Dataset section ▸
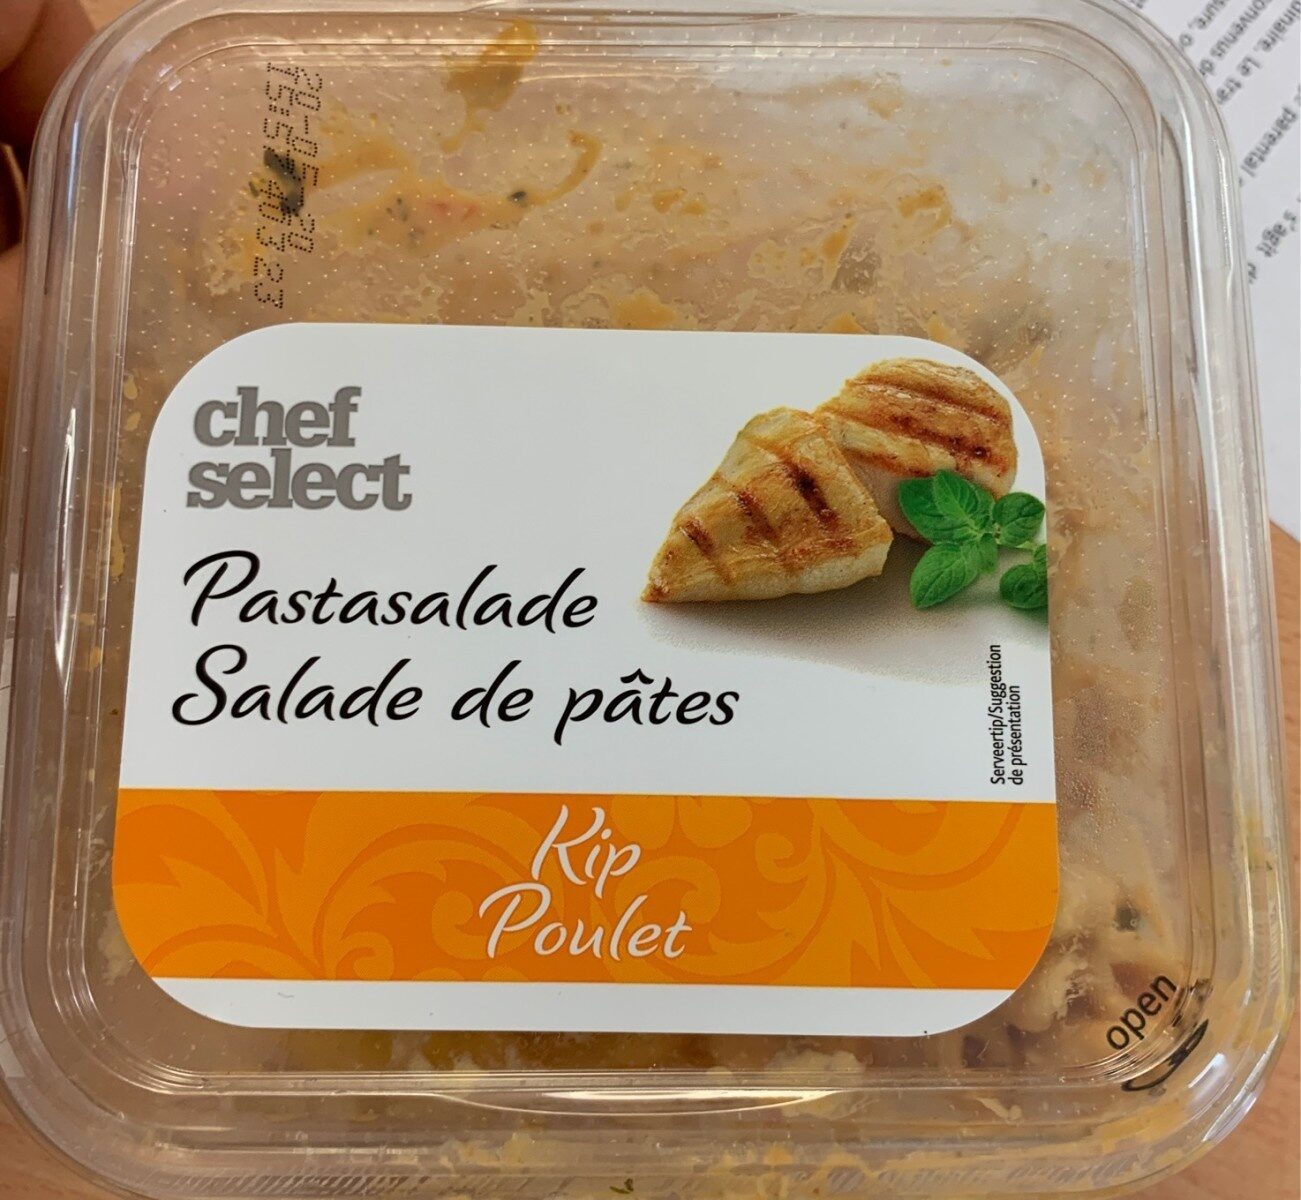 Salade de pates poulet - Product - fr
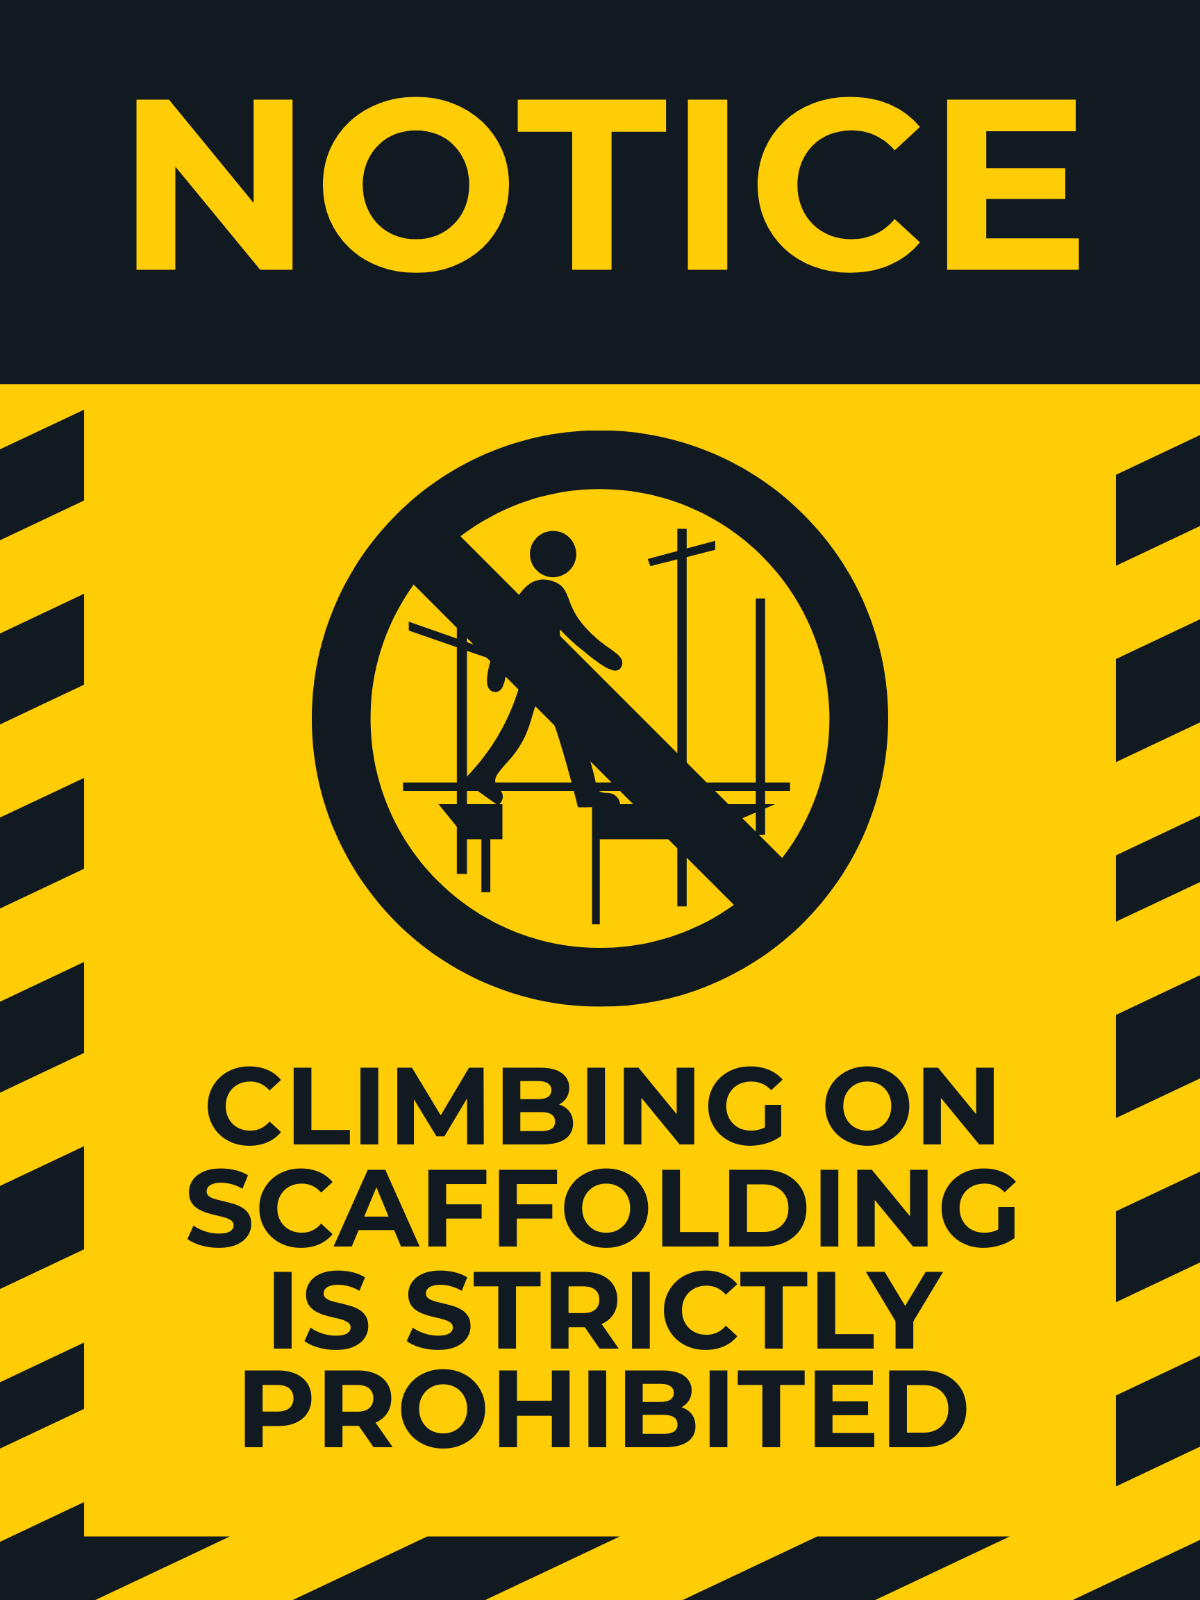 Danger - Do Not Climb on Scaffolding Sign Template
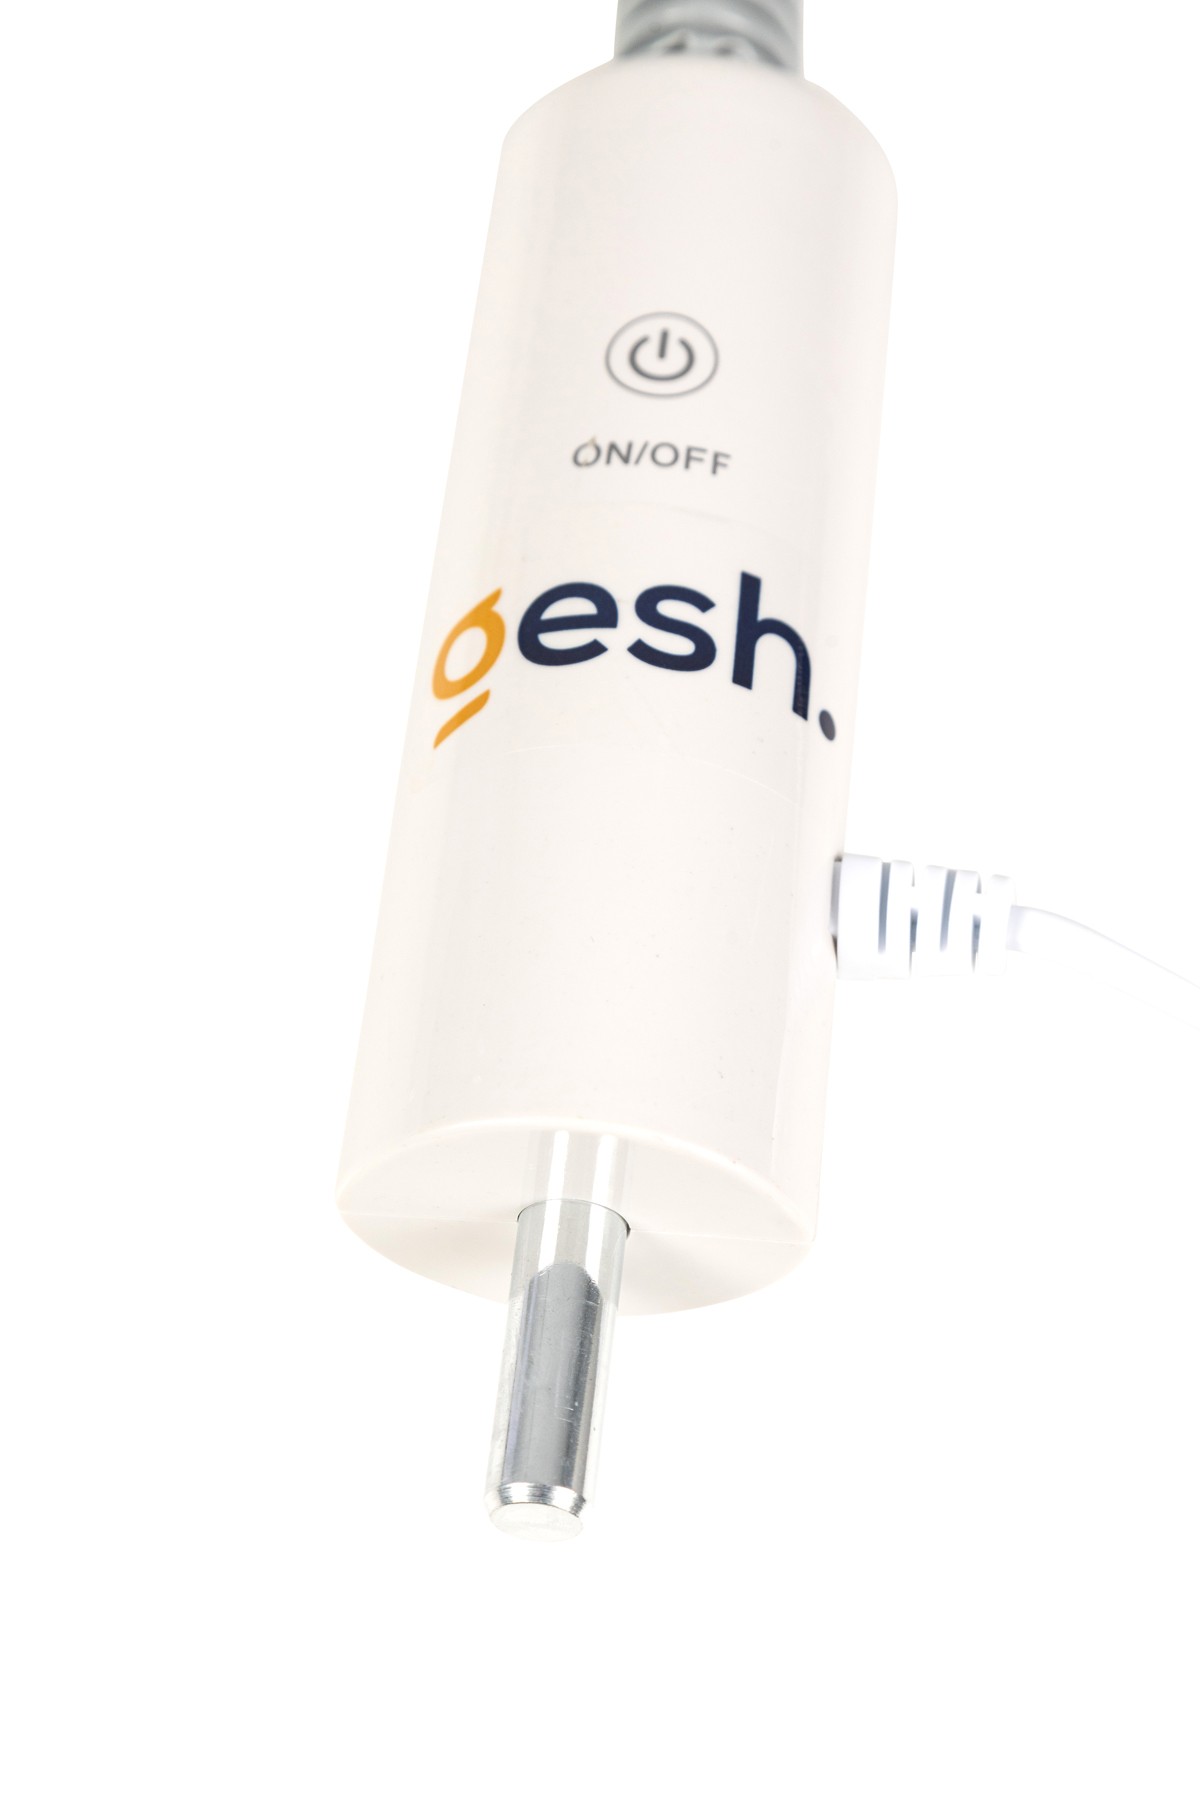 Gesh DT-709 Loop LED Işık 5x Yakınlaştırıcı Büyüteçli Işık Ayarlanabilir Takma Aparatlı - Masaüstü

Aim of the exercise ▸ Write the listing above out again word for word, excluding all images.

Written response ▸
 Salade de pates poulet - Product - fr
 Danger - Do Not Climb on Scaffolding Sign Template
 Gesh DT-709 Loop LED Işık 5x Yakınlaştırıcı Büyüteçli Işık Ayarlanabilir Takma Aparatlı - Masaüstü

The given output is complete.